R&D spend is an indicator of competitiveness of a country's economy and many countries have set a target of investing one per cent of their GDP on R&D. Some developed countries have set their targets at three per cent of GDP. The USA, the UK, Australia, China, Japan, New Zealand, the Republic of Korea, the Russian Federation and Singapore have spent more than one per cent (in the range of one to four per cent) of their respective GDP on R&D.
The pace of technological progress is directly proportional to the efforts on R&D. The expenditure levels on R&D could, therefore, act as reliable barometer of innovative capacity.
Given the importance of R&D for any economy, it is important for the Government of India to provide incentives to encourage companies and organisations to carry out or expand R&D activity.
Currently, weighted deduction of 200 per cent is allowed on R&D expenditure incurred by an approved in-house R&D facility of any company engaged in manufacturing or production of articles or things.
In this regard, in the upcoming Budget, the government can introduce necessary amendment or clarification to boost R&D activity, particularly with respect to the following:
TAX INCENTIVE TO SERVICE SECTOR
The companies engaged in providing IT/ITES services, development of software, other services etc. contribute significantly to exports and also provide employment opportunities.
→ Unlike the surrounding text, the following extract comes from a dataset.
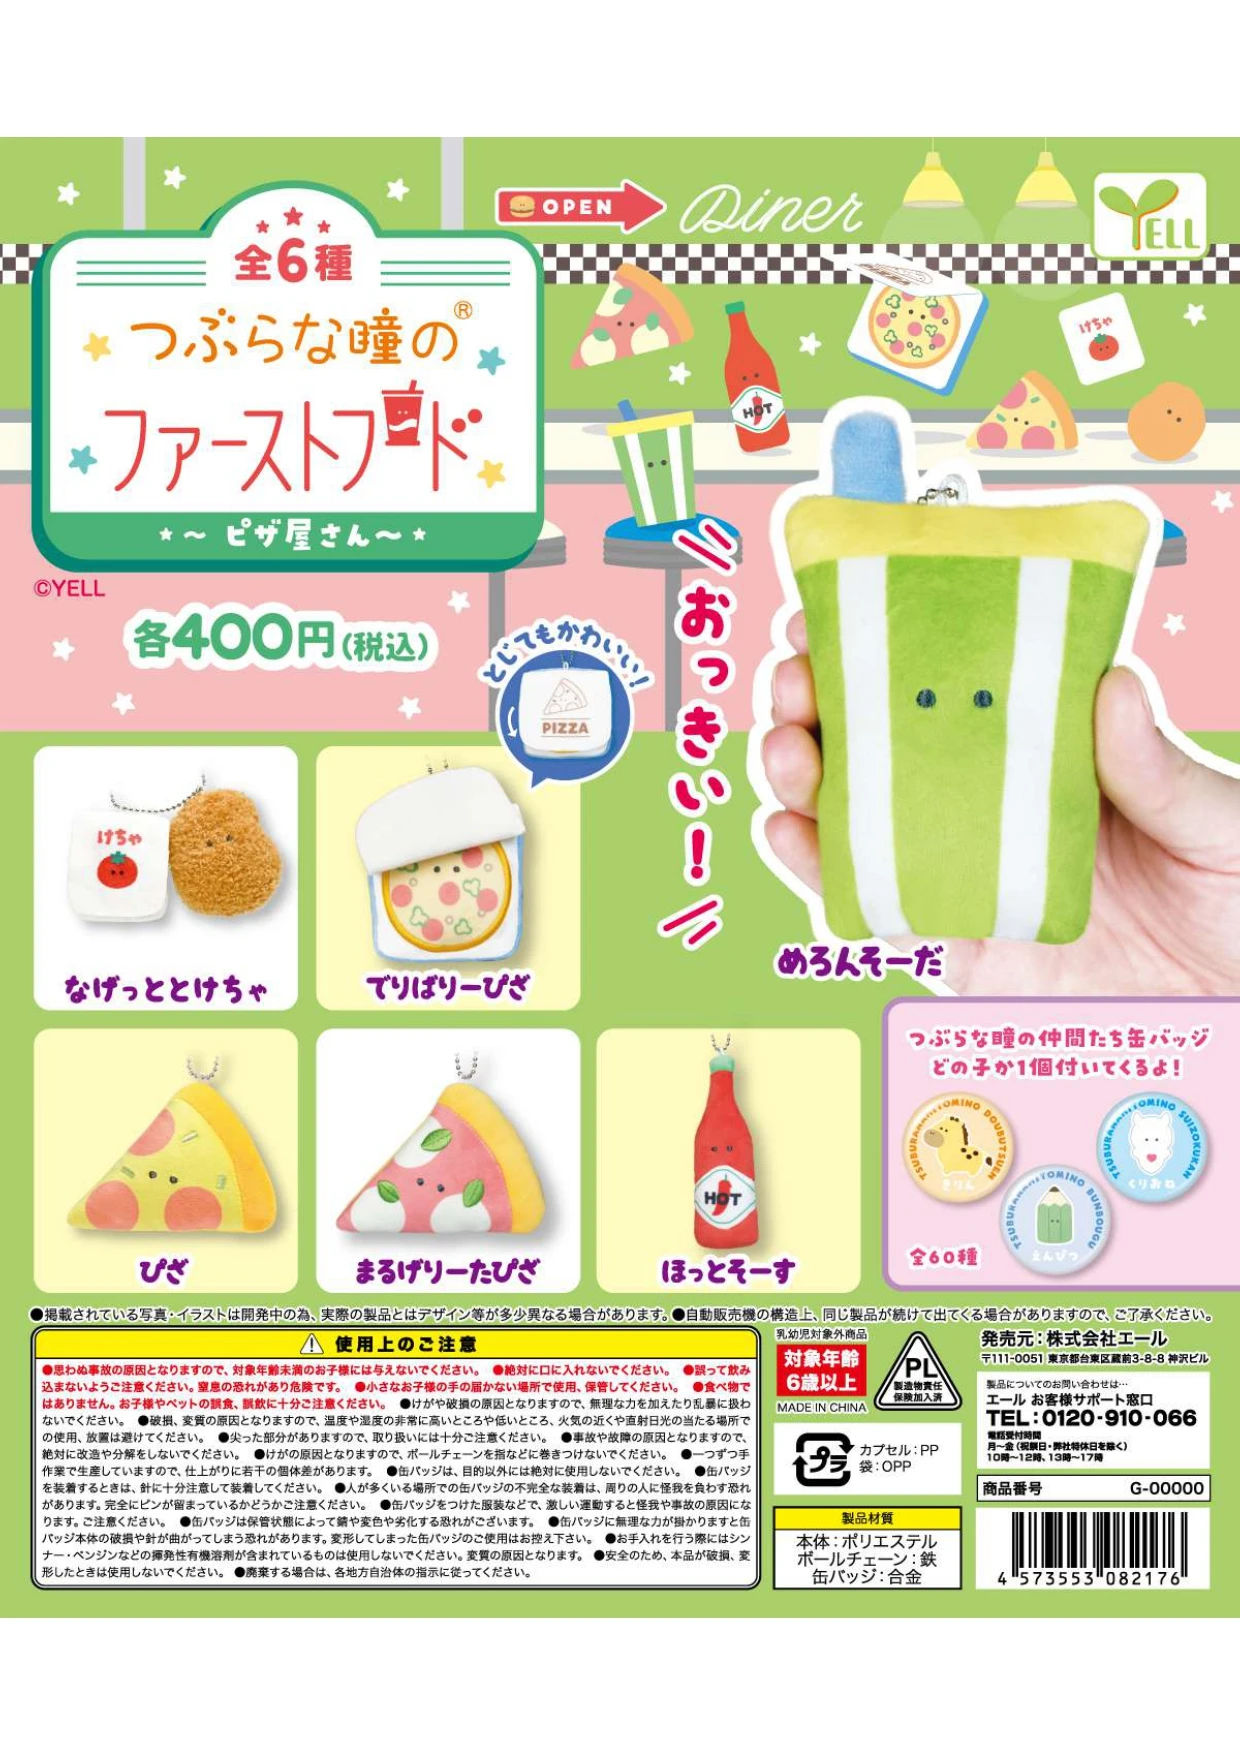 

YELL Original Gashapon Simulation Fast Food Pizza Gachapon Capsule Toy Doll Model Gift Figures Collect Ornament
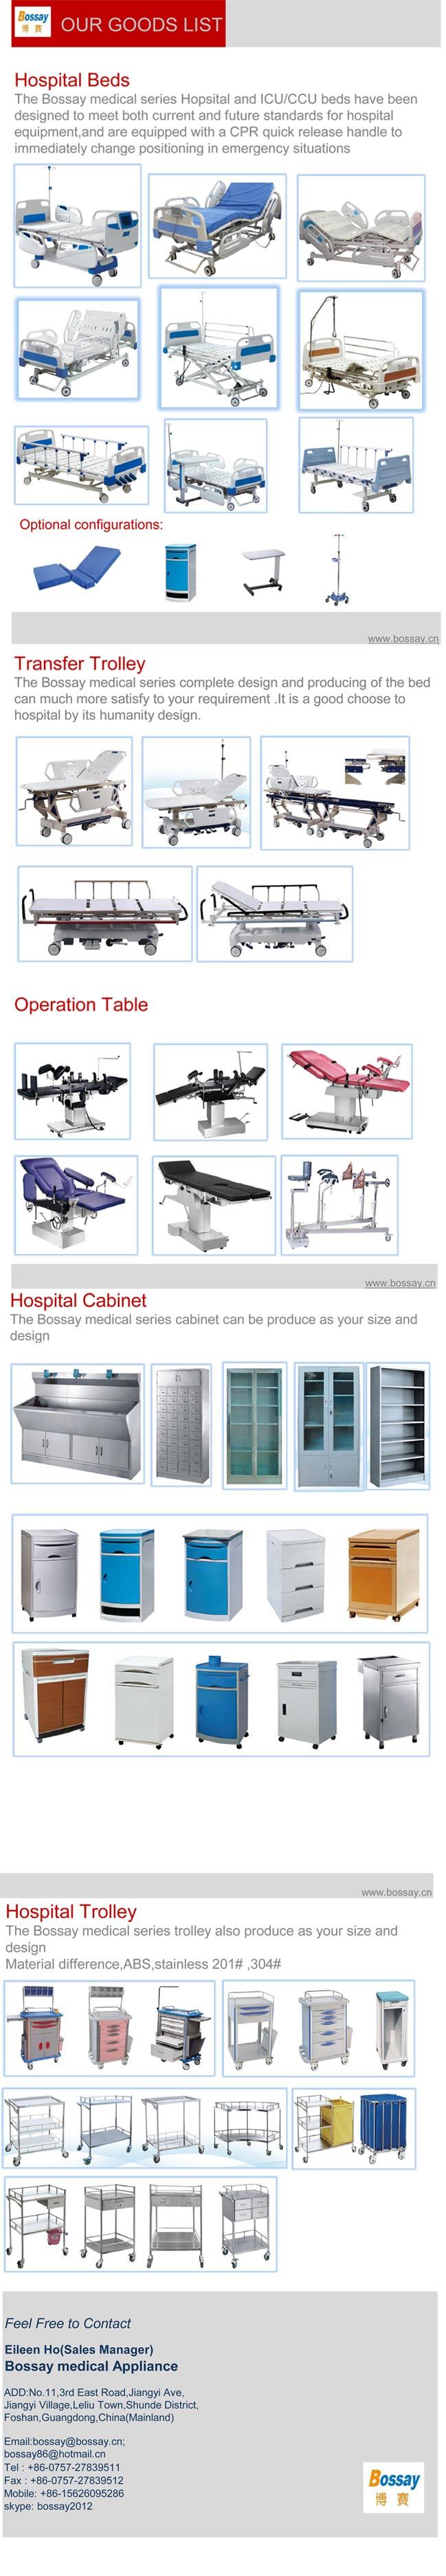 Manual 1 Crank Hospital Beds Simple Beds for Patient (BS-816)

The rapidly changing technology requires carrying out of R&D activities on large scale on continuous basis to provide high- quality competitive service. Globally, many countries such as Australia and the United Kingdom provide R&D tax incentives to the services sector.
Hence, in order to boost R&D activities in the services sector, in the upcoming Budget, the government can provide clarity and introduce weighted deduction or other tax incentive on R&D activities carried out by companies/tax payers engaged in the services sector.
TAX INCENTIVE ON CONTRACT R&D
Globally, there are companies which are outsourcing R&D activities to highly skilled low-cost jurisdictions. The companies outsource R&D activities to countries that provide tax and other fiscal incentives for contract R&D services. Outsourcing R&D is becoming an area of growth and can lead to high levels of employment generation.
India has high potential considering the availability of highly skilled low-cost workforce. Today, India is being considered as R&D destination by many MNCs worldwide and, in fact, many MNCs have set up R&D centres in India.
Considering the huge potential of growth in this area, the government can consider introducing tax and other fiscal incentives to boost foreign investment in this sector and make India an R&D hub.
Under Section 80-IB(8A) of the Income Tax law, a company engaged in the business of R&D and which got approval for such business on or before March 31, 2007, is eligible for deduction from taxable profits from such business for 10 years, subject to fulfilment of some conditions. Currently, no tax benefits are available to companies engaged in R&D business which are not approved under section 80-IB(8A). Therefore, reintroducing an incentive to this sector would be an effort in the right direction to attract foreign investment in such sector and generate employment.
CLARITY ON TAX INCENTIVE ON R&D EXPENDITURE INCURRED OUTSIDE IN-HOUSE R&D FACILITY
Allowability of expenditure incurred outside the in-house R&D facility which is in connection with activation of an in-house R&D facility is a subject matter of litigation. Certain rulings have denied tax incentives on expenditure incurred outside the R&D facility.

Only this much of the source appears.